Понятно, что причина смерти Золя навсегда так и останется загадкой. Страшно ушёл из жизни человек, которого Сезанн продолжал любить несмотря на ссору и на возникшее между ними непонимание, навсегда разлучившее их. Узнав о кончине Золя, Сезанн разрыдался. Закрывшись в своей мастерской, он весь день лил слёзы, оплакивая ушедшую юность, разбитую дружбу, близившуюся к закату жизнь.
* * *
С отъездом из Экса Камуэна и Ларгье Сезанн вновь погрузился в одиночество. Он перестал общаться с супругами Гаске. Эта блестящая пара, претендовавшая на роль «местных знаменитостей», стала раздражать его. Слишком много у них было шума, слишком много пустых разговоров.

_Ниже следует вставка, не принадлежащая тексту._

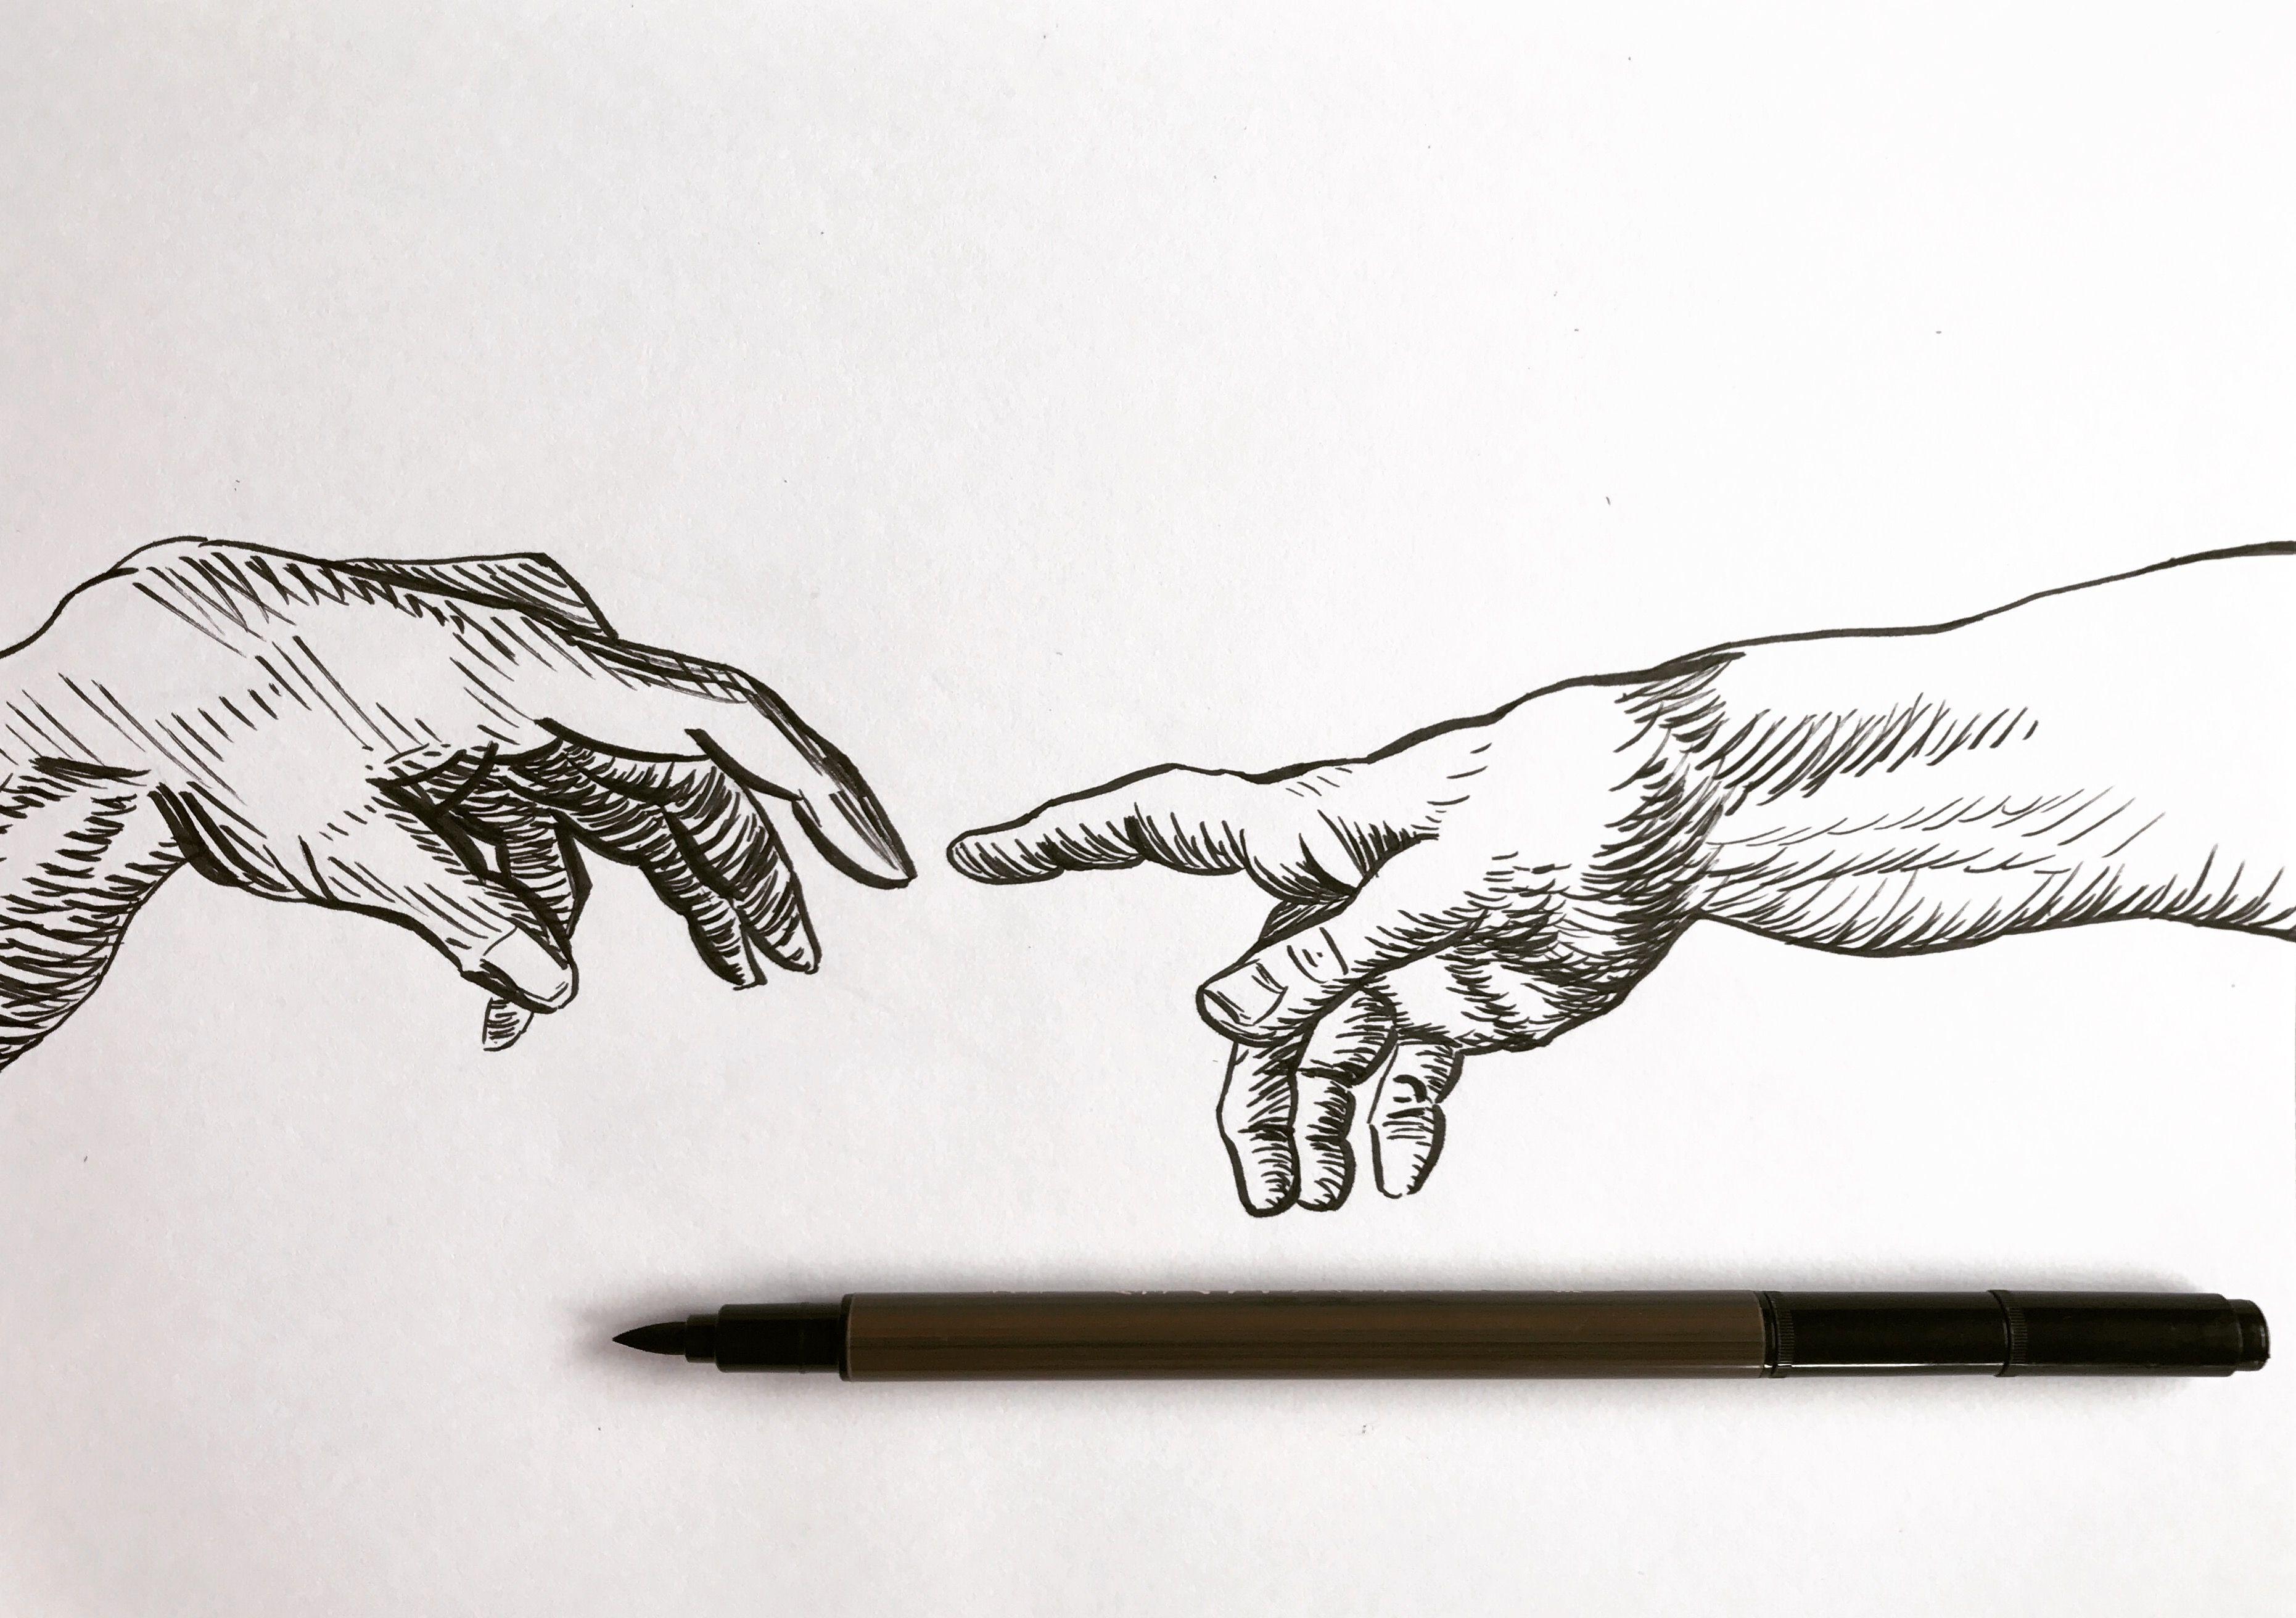 creative hand drawings - HD3723×2624

Кроме того, разыгрывая из себя восторженного и прекраснодушного поэта, Гаске проявлял излишне настойчивый интерес к работам Сезанна и, получив от щедрот художника несколько его картин в дар, уже видел себя приближённым поэтом великого мастера, воспевающим его талант. Опять кто-то пытался прибрать его к рукам… И Сезанн, который часто без всякой жалости расставался со своими произведениями, щедро раздавая их направо и налево людям, абсолютно не ценивших их в те времена, когда они почти не продавались и стоили гроши, прервал свои отношения со старательно обхаживавшим его Гаске.
* * *
А между тем за смертью Золя последовали глупейшие и премерзкие вещи. Так, в марте 1903 года в «Отеле Дрюо» состоялась распродажа оставшегося после Золя наследства. Его вдова, воспользовавшись этим случаем, выставила на торги девять картин Сезанна, пожелав побыстрее от них избавиться, ибо они никогда ей не нравились.
И именно этот момент выбрал Анри Рошфор для публикации в «Л’Энтрансижан» абсолютно бредовой статьи, в которой он, одержимый желанием свести счёты с ушедшим из жизни Золя, заодно заклеймил и Сезанна, решив, что у друзей детства должны быть одинаковые политические и эстетические взгляды. Вот один из пассажей, характеризующий «стиль» статьи Рошфора, пропитанной ненавистью крайне правого антидрейфусарства:
«Если бы дело было только в детской мазне г-на Сезанна, то об этом и говорить-то не стоило бы; но что следует думать об основоположнике литературной школы, коим мнил себя владелец меданского замка, который поощрял распространение подобной живописной похабщины? И он ещё писал статьи о Салонах, беря на себя смелость указывать, каким должно быть французское искусство! […]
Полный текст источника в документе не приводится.